As illustrated, the device 100 includes an imaging sensor, such as the imaging sensor 112. Further, the device 100 may include one or more motion sensors 120, such as accelerometers. Further, the device 100 may include one or more interfaces 130. For example, if the device 100 corresponds to a smartphone or similar portable communication device, the interface(s) 130 may include one or more radio interfaces and/or one or more wire-based interfaces for providing network connectivity of the device 100. Examples of radio technologies for implementing such radio interface(s) for example include cellular radio technologies, such as GSM (Global System for Mobile Communications), UMTS (Universal Mobile Telecommunication System), LTE (Long Term Evolution), or CDMA2000, a WLAN (Wireless Local Area Network) technology according to an IEEE 802.11 standard, or a WPAN (Wireless Personal Area Network) technology, such as Bluetooth. Examples of wire-based network technologies for implementing such wire-based interface(s) for example include Ethernet technologies and USB (Universal Serial Bus) technologies.
Further, the device 100 is provided with one or more processors 140 and a memory 150. The imaging sensor 112, the motion sensors 120, the interface(s) 130, and the memory 150 are coupled to the processor(s) 140, e.g., using one or more internal bus systems of the device 100.
The memory 150 includes program code modules 160, 170, 180 with program code to be executed by the processor(s) 140. In the illustrated example, these program code modules include a video capturing module 160, a motion detection module 170, and a video processing module 180.
The video capturing module 160 may implement the above-described functionalities of capturing video data while applying a higher video capturing frame rate in a subarea of the overall imaging area of the imaging sensor 112. Further, the video capturing module 160 may also implement the above-described determination of the subarea in which the higher video capturing frame rate is applied.
The motion detection module 170 may implement the above-described functionalities of detecting motion in the captured video data.

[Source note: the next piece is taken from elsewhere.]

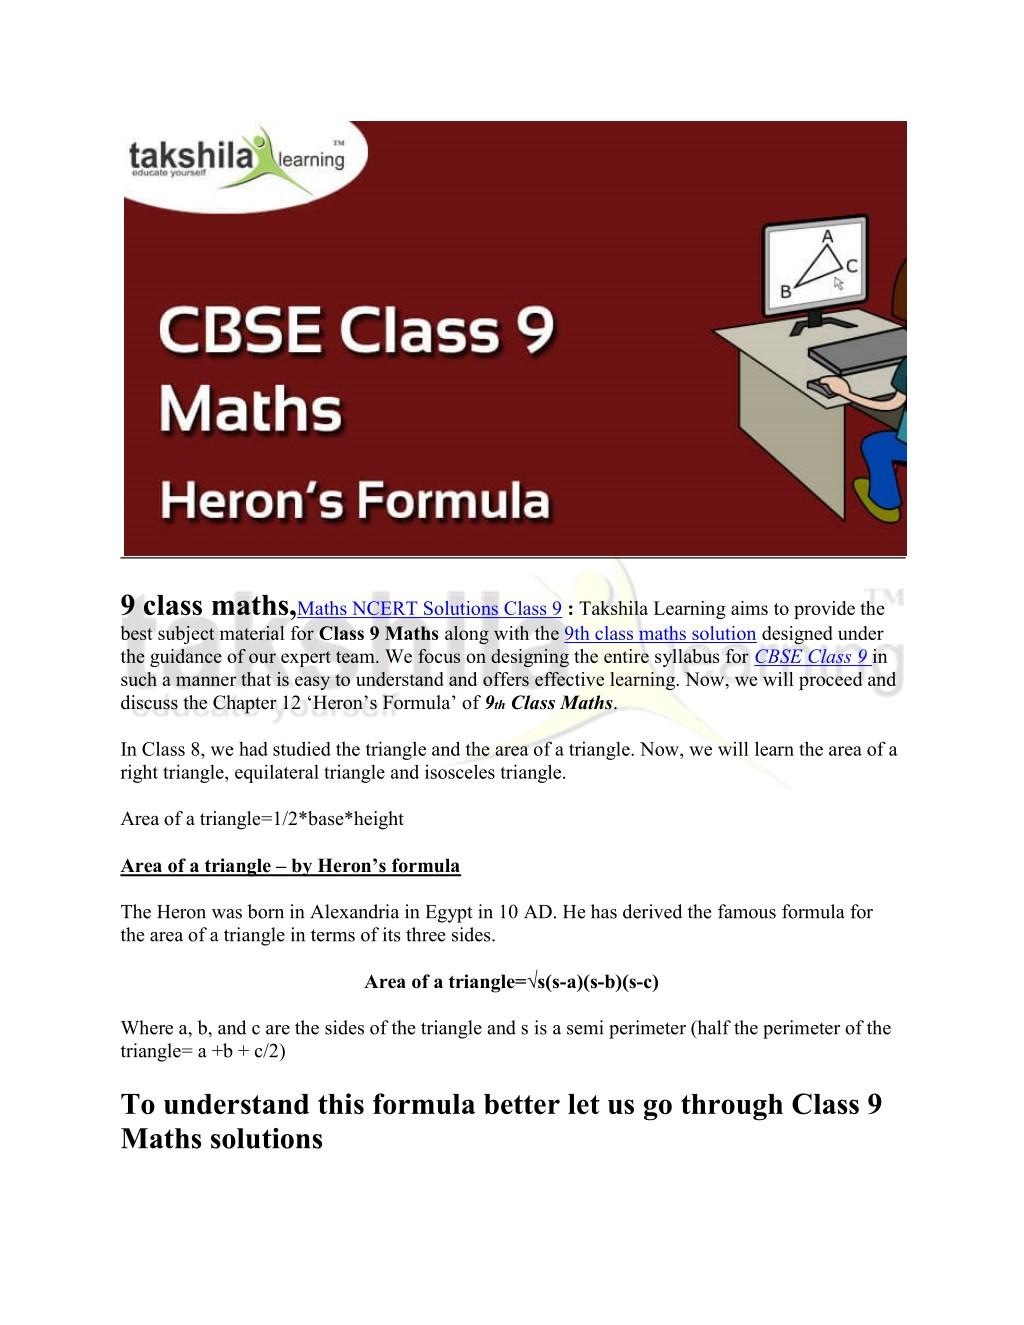 PPT - Maths NCERT Solutions Class 9 | Online CBSE 9th Class
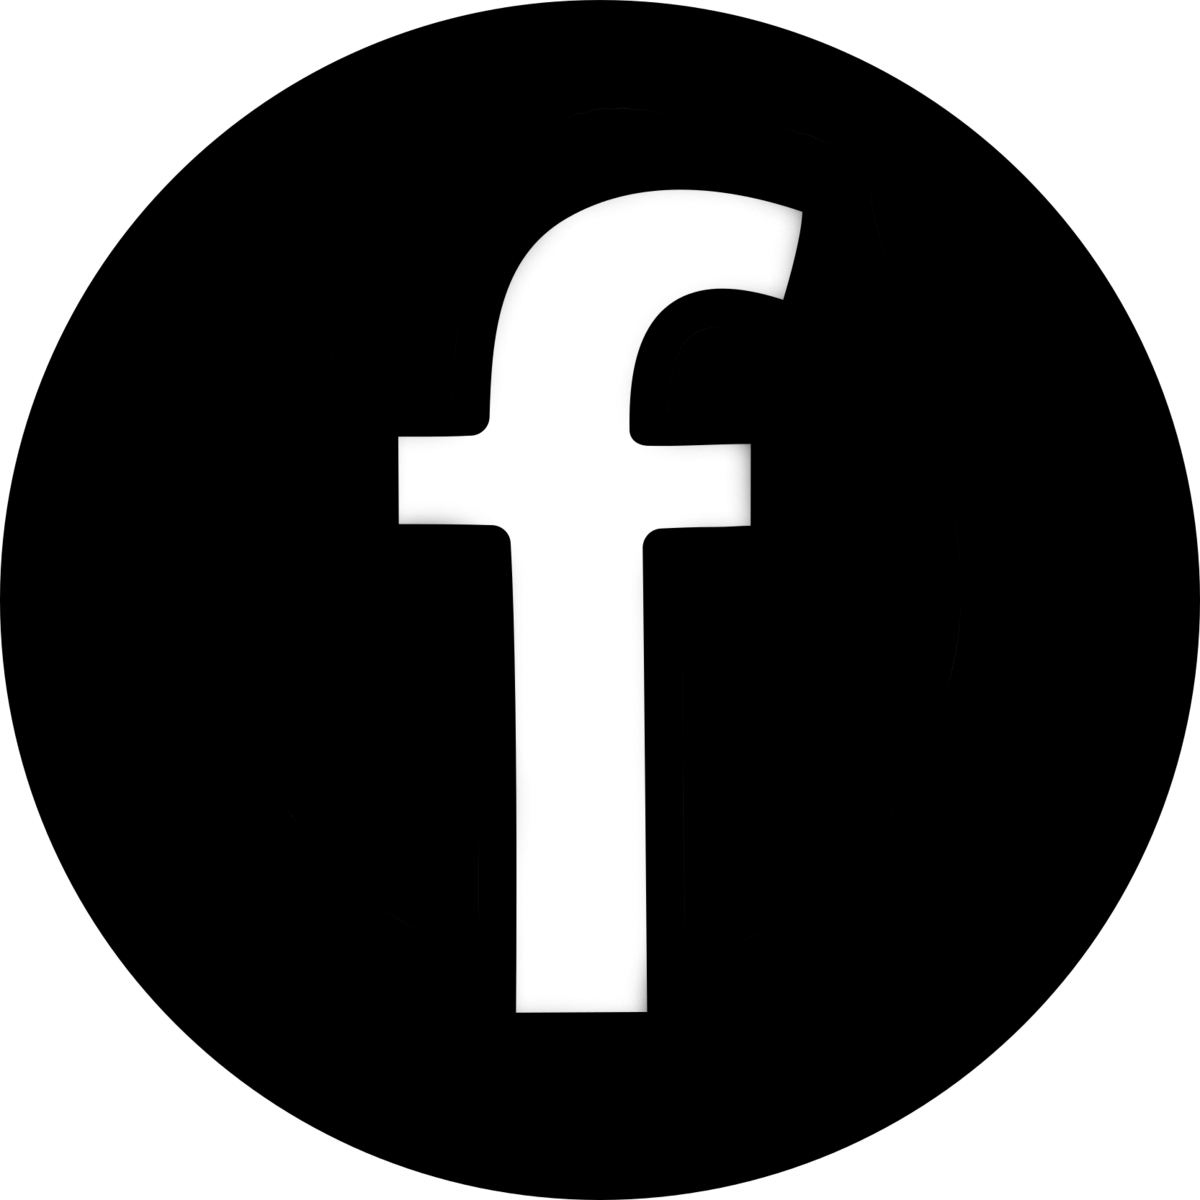 facebook-black-radius-transparent-26.png

Further, the motion detection module may also apply detection of global motion, e.g., on the basis of the captured video data or on the basis of outputs of the motion sensor(s) 120.
The video processing module 180 may implement the above-described functionalities of combining the high rate video frames captured in the subarea with the normal rate video frames captured in the overall imaging area.
It is to be understood that the structures as illustrated in
As can be seen, the concepts as explained above allow for efficiently capturing video data. In particular, a high quality video may be generated with low levels of blurring, even if moving objects are present in the imaged scene. In addition to avoiding blurring, the captured video data may also allow for generating high quality slow motion videos.
It is to be understood that the concepts as explained above are susceptible to various modifications. For example, the concepts could be applied in various kinds of devices, in connection with various kinds of imaging sensor technologies, including array cameras, stereoscopic cameras, or the like. Further, the concepts may be applied with respect to various kinds of video resolutions and frame rates.